I found this interesting article by Alain de Botton in the New York Times and though it might be of interest to you.
IT’S one of the things we are most afraid might happen to us. We go to great lengths to avoid it. And yet we do it all the same: We marry the wrong person.
Partly, it’s because we have a bewildering array of
problems that emerge when we try to get close to others. We seem normal only to
those who don’t know us very well. In a wiser, more self-aware society than our
own, a standard question on any early dinner date would be: “And how are you
crazy?”
Perhaps we have a latent tendency to get furious
when someone disagrees with us or can relax only when we are working; perhaps
we’re tricky about intimacy after sex or clam up in response to humiliation.
Nobody’s perfect. The problem is that before marriage, we rarely delve into our
complexities. Whenever casual relationships threaten to reveal our flaws, we blame
our partners and call it a day. As for our friends, they don’t care enough to
do the hard work of enlightening us. One of the privileges of being on our own
is therefore the sincere impression that we are really quite easy to live with.
Our partners are no more self-aware. Naturally, we
make a stab at trying to understand them. We visit their families. We look at
their photos, we meet their college friends. All this contributes to a sense
that we’ve done our homework. We haven’t. Marriage ends up as a hopeful,
generous, infinitely kind gamble taken by two people who don’t know yet who
they are or who the other might be, binding themselves to a future they cannot
conceive of and have carefully avoided investigating.
For most of recorded history, people married for
logical sorts of reasons: because her parcel of land adjoined yours, his family
had a flourishing business, her father was the magistrate in town, there was a
castle to keep up, or both sets of parents subscribed to the same
interpretation of a holy text. And from such reasonable marriages, there flowed
loneliness, infidelity, abuse, hardness of heart and screams heard through the
nursery doors. The marriage of reason was not, in hindsight, reasonable at all;
it was often expedient, narrow-minded, snobbish and exploitative. That is why
what has replaced it — the marriage of feeling — has largely been spared the
need to account for itself.
What matters in the marriage of feeling is that two
people are drawn to each other by an overwhelming instinct and know in their
hearts that it is right. Indeed, the more imprudent a marriage appears (perhaps
it’s been only six months since they met; one of them has no job or both are
barely out of their teens), the safer it can feel. Recklessness is taken as a counterweight
to all the errors of reason, that catalyst of misery, that accountant’s demand.
The prestige of instinct is the traumatized reaction against too many centuries
of unreasonable reason.
But though we believe ourselves to be seeking
happiness in marriage, it isn’t that simple. What we really seek is familiarity
— which may well complicate any plans we might have had for happiness. We are
looking to recreate, within our adult relationships, the feelings we knew so
well in childhood.

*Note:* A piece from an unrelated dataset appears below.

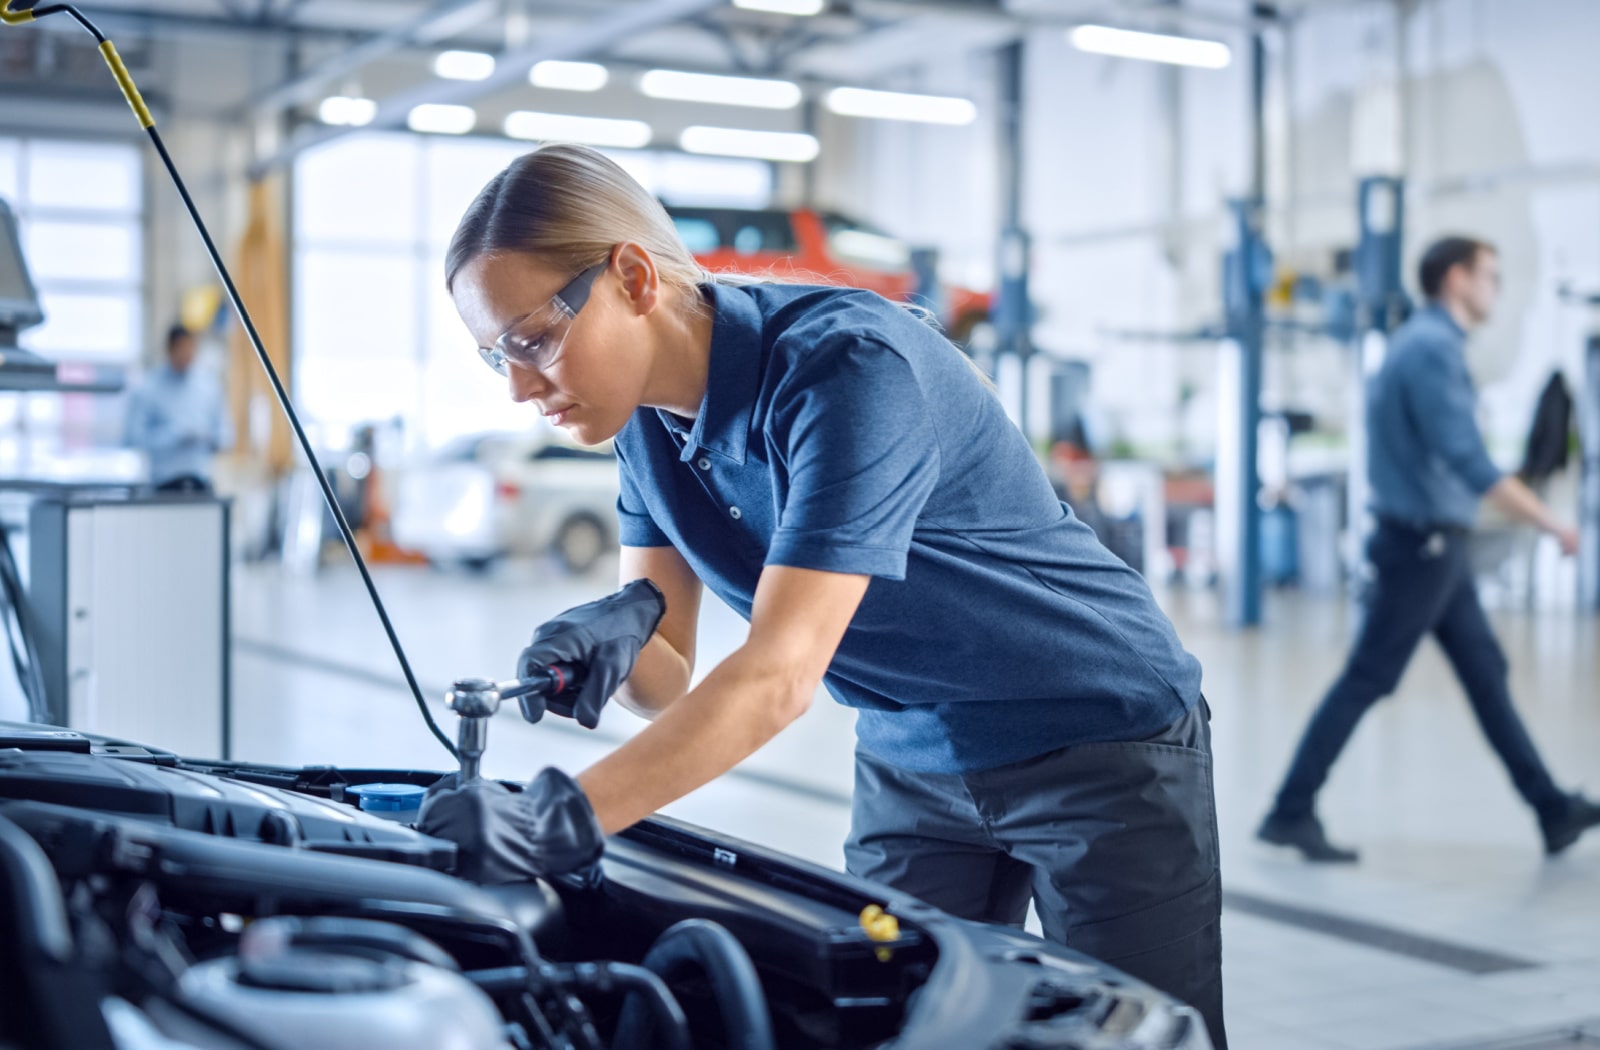 A female mechanic working on a car and wearing prescription safety glasses

The love most of us will have tasted early on was often
confused with other, more destructive dynamics: feelings of wanting to help an
adult who was out of control, of being deprived of a parent’s warmth or scared
of his anger, of not feeling secure enough to communicate our wishes. How
logical, then, that we should as grown-ups find ourselves rejecting certain
candidates for marriage not because they are wrong but because they are too
right — too balanced, mature, understanding and reliable — given that in our
hearts, such rightness feels foreign. We marry the wrong people because we
don’t associate being loved with feeling happy.
We make mistakes, too, because we are so lonely. No
one can be in an optimal frame of mind to choose a partner when remaining
single feels unbearable. We have to be wholly at peace with the prospect of
many years of solitude in order to be appropriately picky; otherwise, we risk
loving no longer being single rather more than we love the partner who spared
us that fate.
Finally, we marry to make a nice feeling permanent.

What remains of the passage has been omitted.